Chapitre 3: Et j'aimais maman

292 20 0
                                    

 Mon petit frère et moi étions en train de jouer à lancer des cailloux dans la rivière, lorsque nous avons entendu un cri, puis des grognements. Du village, s'est élevé tout un tas de bruits que l'on entendait seulement dans les films que maman regardait. Mon petit frère s'est transformé en ourson à lunettes, et nous avons couru en direction du village. Puis nous nous sommes figées.

Il y avait tout un tas d'animaux qui se battaient, des cris dans tous les sens, des coups à tout va. Un élan tentait d'échapper aux griffes d'un guépard. Deux loups se battaient sauvagement en duel. Un boeuf musqué se retrouvait entouré par plusieurs hyènes tachetées. Un gypaète barbu ne cessait de piquer sur un coyote qui se débattait de l'emprise d'un python royal.

Puis un immense lion est sorti de la grande maison de Père. Il avait une cicatrice sur l'oeil comme Scar dans le roi lion, sauf que lui, était grand et fort. Il a rugi férocement, et s'est jeté sur un lycaon et l'a envoyé contre un arbre, avant de venir en aide au Clan. L'ambiance était assourdissante et aveuglante. Mon petit frère a poussé un petit gémissement et m'a attrapé par la manche pour m'emmener derrière un gros rocher sur lequel nous aimions bien jouer. Tout avait dérapé, tout le monde se battait. Certains gagnaient, certains perdaient.

Rapidement, il y eut beaucoup de corps humains, tous à la peau arrachée d'où dégoulinait du sang. Mon frère avait repris forme humaine et s'était mis à pleurer. Je l'avais pris dans mes bras. Maman nous avait un jour dit qu'un câlin pouvait guérir tous les maux. J'aimais maman, mais je ne la voyais pas dans le combat, il n'y avait pas d'ours à lunettes ressemblant à maman. Maman était donc en sécurité...

L'immense lion a donné un puissant coup de patte au jaguar, et celui-ci est tombé à terre en retrouvant sa forme humaine. Les quelques oiseaux qui restaient s'envolèrent, les grands carnivores partirent en boitant, et un serpent se faufila sur le sol feuillu. Il n'y avait plus de bruit, plus de coups, plus de grognements, juste du sang et des cadavres sanguinolents. Une odeur de métal flottait dans l'air. Mais Père était vivant, il reprenait forme humaine, pressant son bras qui saignait. Et maman était en sécurité. Les blessés s'aidèrent, les intrus agonisants furent tués.

Soudain, quelqu'un cria. C'était Marraine, elle sortait de derrière la maison de Père, les mains recouvertes de sang. Elle s'effondra aux pieds de Père, versant toutes les larmes de son corps. Père baissa son regard sur elle, et Marraine s'accrocha désespérément au bras blessé de Père. J'aimais Père, je ne voulais pas le voir blessé. J'aimais Marraine, je ne voulais pas la voir pleurer.
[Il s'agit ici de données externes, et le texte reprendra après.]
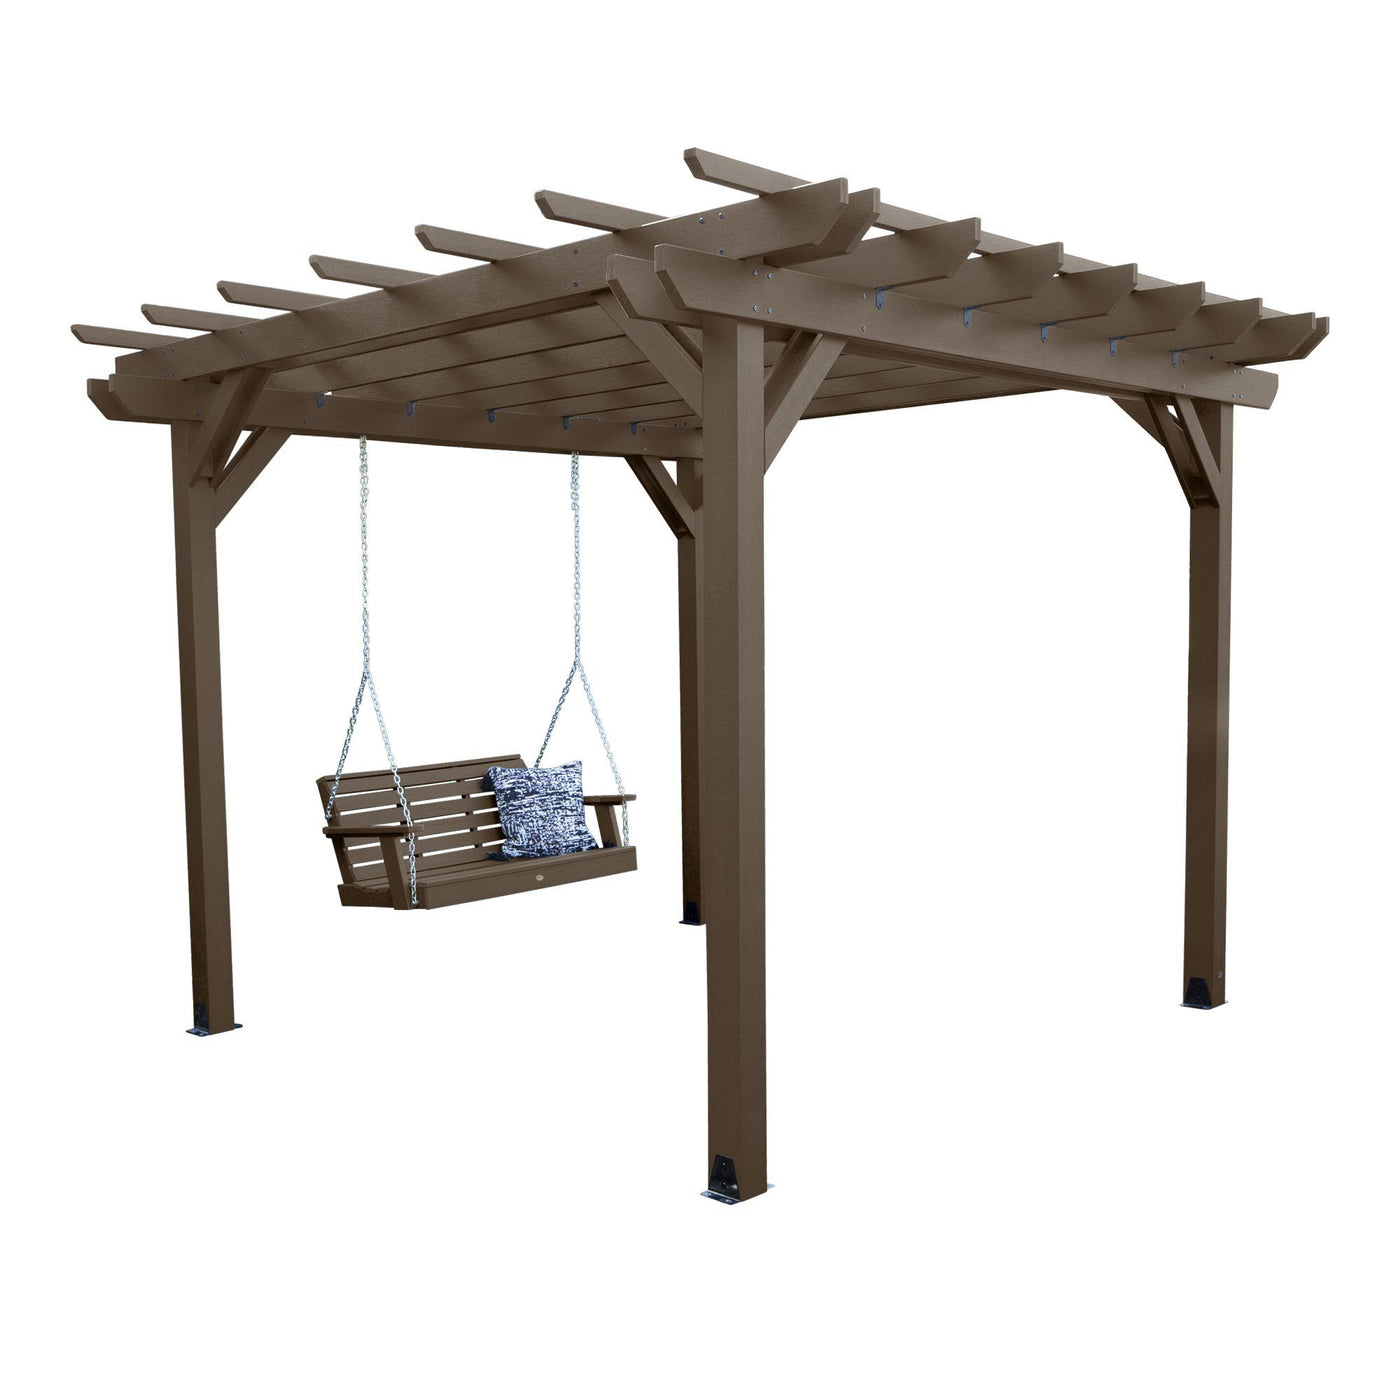 Bodhi 10’ x 10’ DIY Pergola with 4’ Weatherly Porch Swing Highwood USA Weathered Acorn

- Jeff, c'est terrible ! C'est... C'est ma soeur, Yasmine ! Elle... Elle a été tuée !

Puis Marraine, en pleure, s'effondra au sol. Je ne comprenais pas toujours tout au discours des adultes, mais ça, je l'avais compris. Maman nous l'avait expliqué une fois, devant la télé. J'aimais maman... Maman ne nous ferait plus de câlins, maman ne nous ferait plus de bisous, maman ne nous ferait plus à manger, maman ne nous sourirait plus, maman ne nous emmenait plus à la rivière. Maman n'était plus là. J'aimais maman, tout le monde aimait maman.

- Tu t'occuperas de ses enfants, Aya.

Puis Père est rentré dans sa grande maison. Marraine pleurait toujours autant que ses mains étaient couvertes de sang. Les cadavres se faisaient ramasser par les blessés. Et dans un coin, près du feu éteint, se tenait Zack. Zack s'est accroupi près d'un corps à la gorge tranchée, mais dont la poitrine se soulevait toujours. Zack a souri et de sa main, a couvert la bouche de la personne. Elle a gesticulé, puis s'est arrêtée. Zack a croisé mon regard et m'a souri. Je n'ai jamais aimé ni son sourire ni son regard. Mais j'aimais Père, et Père aimait Zack. Marraine aussi aimait Zack. Tout comme j'aimais maman et petit frère, j'aimais Père, et j'aimais Marraine. Alors j'aimais Zack.